We use a neural network simulation-based inference method, Neural Posterior Estimation or NPE (Papamakarios, 2019) to estimate the joint posterior distribution of three model parameters, $s_{C}$ , $δ_{C}$ and $φ$ , while the other parameters, $s_{B}$ and $δ_{B}$ are fixed to a specific value (Table 1). Inferring all five model parameters resulted in similar prediction accuracy and $s_{C}$ and $δ_{C}$ estimates.

Table 1

Model parameters and priors.

Fixed parameters from Avecilla et al., 2022; Hall et al., 2008; Joseph and Hall, 2004; Venkataram et al., 2016.

Parameter	Description	Prior / Fixed value
$s_{C}$	GAP1 CNV selection coefficient	$l o g_{10} (s_{C}) \sim U [- 2, 0]$
$δ_{C}$	GAP1 CNV formation rate	$l o g_{10} (δ_{C}) \sim U [- 7, - 0.3]$
$φ$	Proportion of pre-existing cells with GAP1 CNV	$l o g_{10} (φ) \sim U [- 8, - 2]$
$s_{B}$	Beneficial SNV selection coefficient	$10^{- 3}$
$δ_{B}$	Beneficial SNV formation rate	$10^{- 5}$

We applied NPE, implemented in the Python package sbi (Tejero-Cantero et al., 2020), using a masked autoregressive flow (Papamakarios et al., 2018) as the neural density estimator: an artificial neural network that ‘learns’ an amortized posterior of model parameters from a set of synthetic simulations. Posterior amortization allows us to infer the posterior distribution P(θ|Χ) for a new observation Χ without the need to re-run the entire inference pipeline, that is generating new simulations and re-training the network (as is the case in sampling-based methods such as Markov chain Monte Carlo or MCMC).

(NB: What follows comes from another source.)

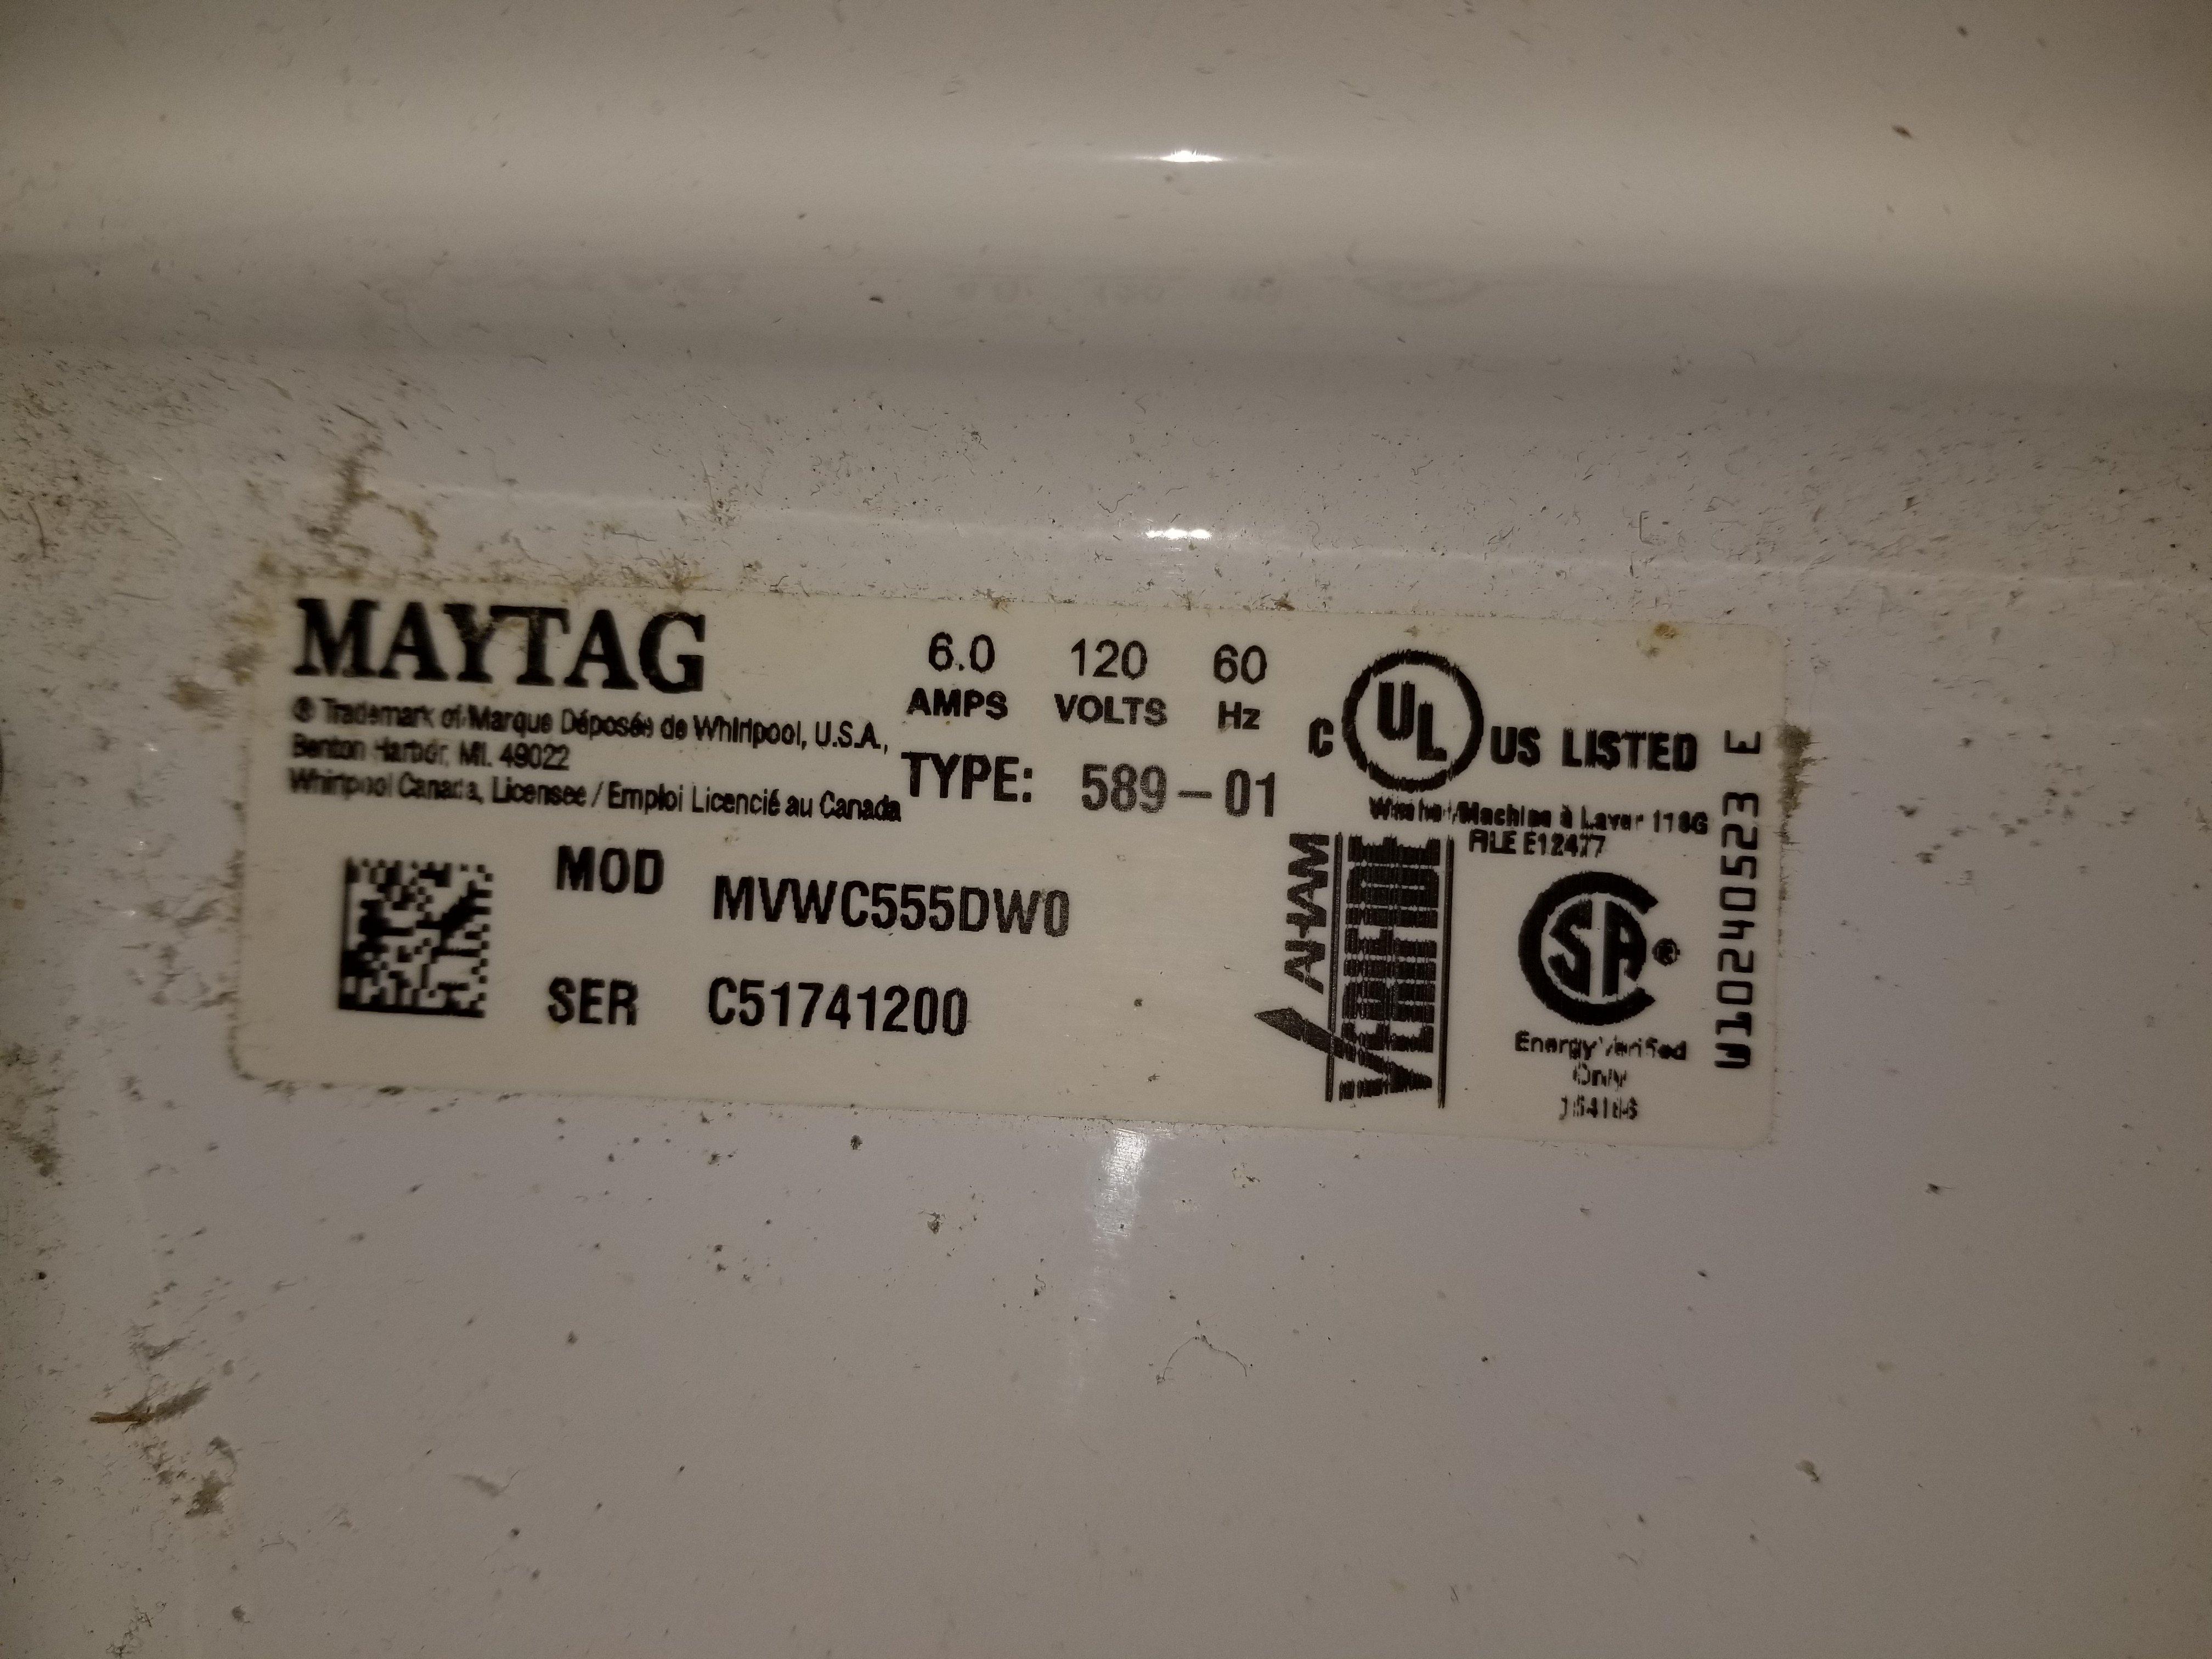 Maytag Washer Mvwb700vqo Wiring Diagram Diagrams Site For A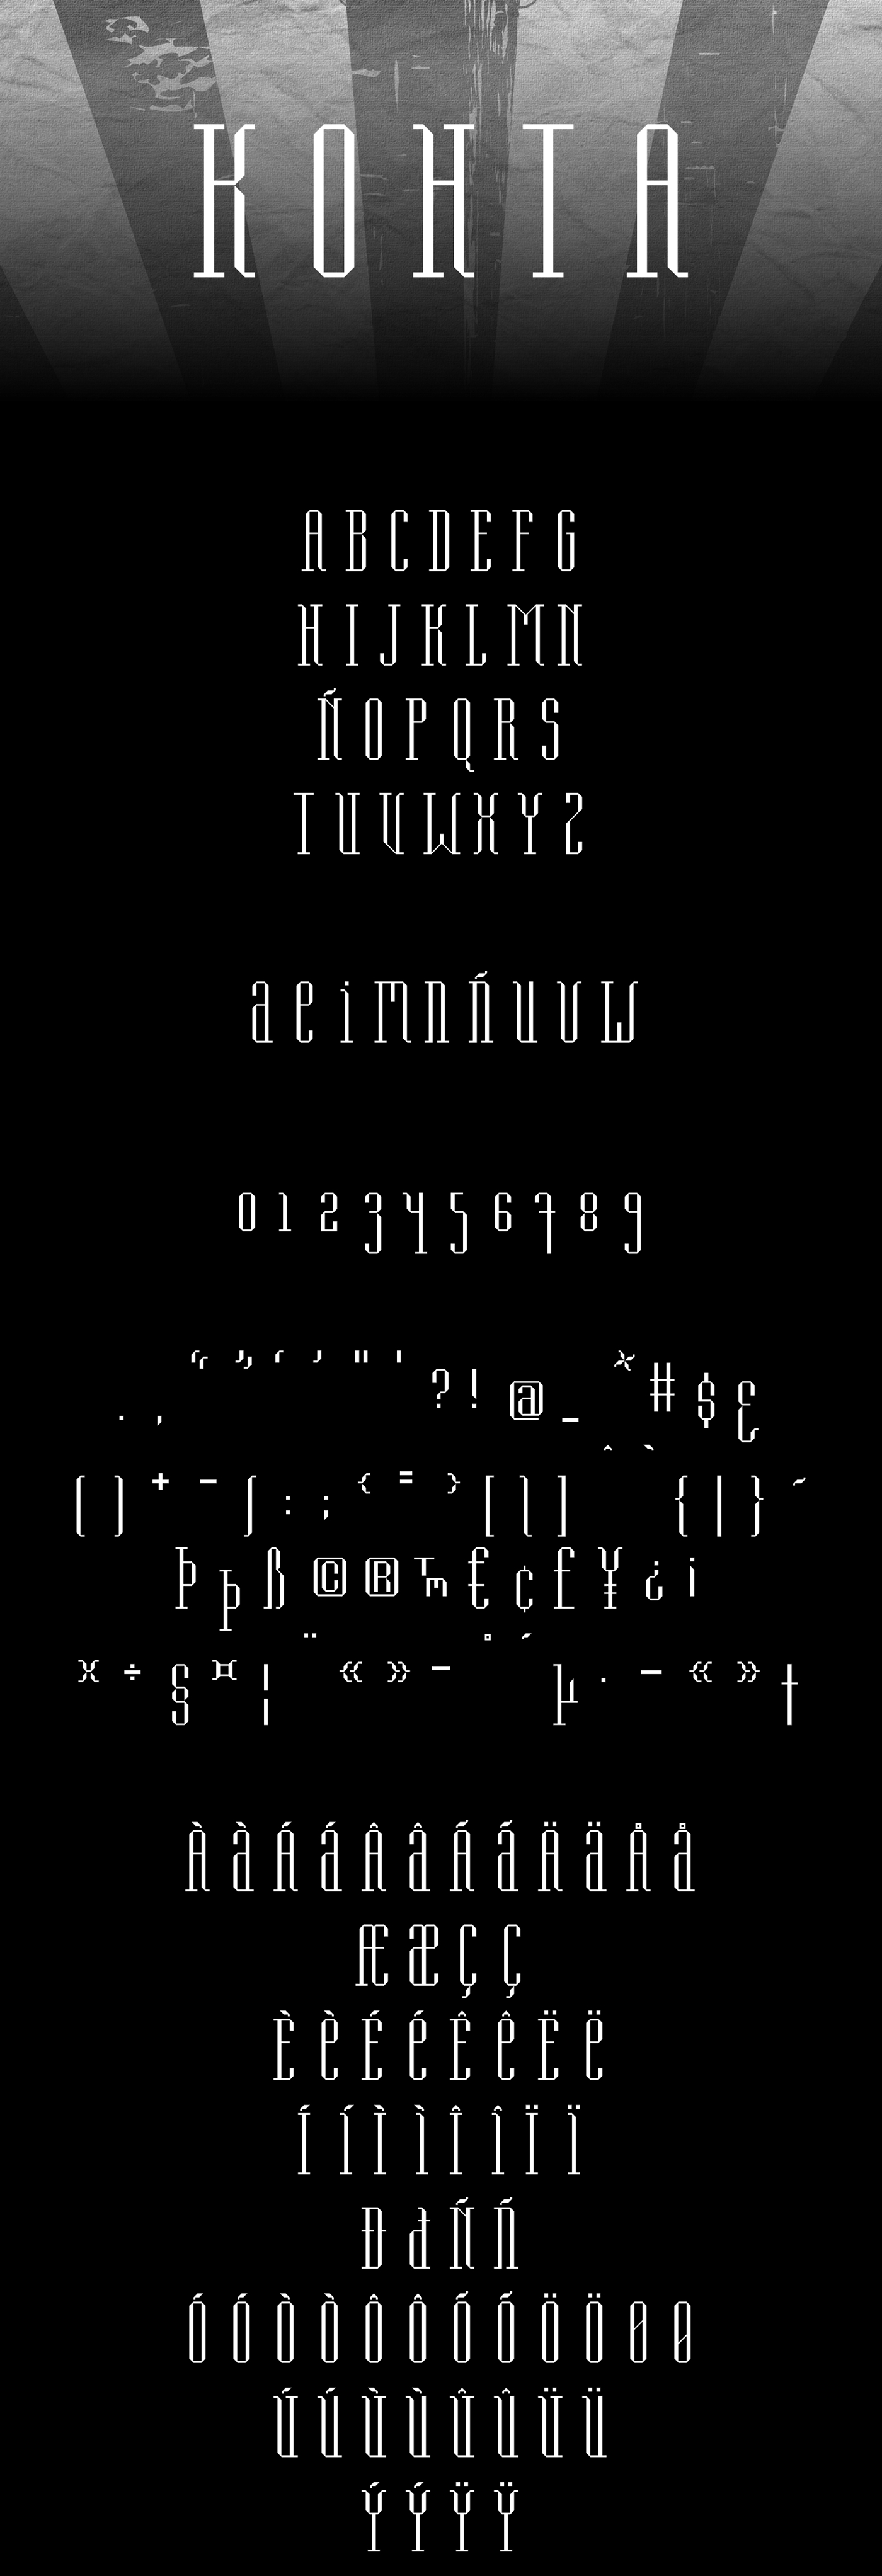 font Free font freefont type freetype free type Typeface freetypeface free typeface freebie Edgar Allan Poe

We generated 100,000 synthetic observations simulated from our evolutionary model using parameters drawn from the prior distribution (Table 1). The neural density estimator was trained using early stopping with a convergence threshold of 100 epochs without decreases in minimal validation loss (the default in sbi is 20). Using 100 epochs as a threshold resulted in improved predictions. We validated that this improvement in prediction accuracy is not a result of over-fitting (Figure 3—figure supplement 7).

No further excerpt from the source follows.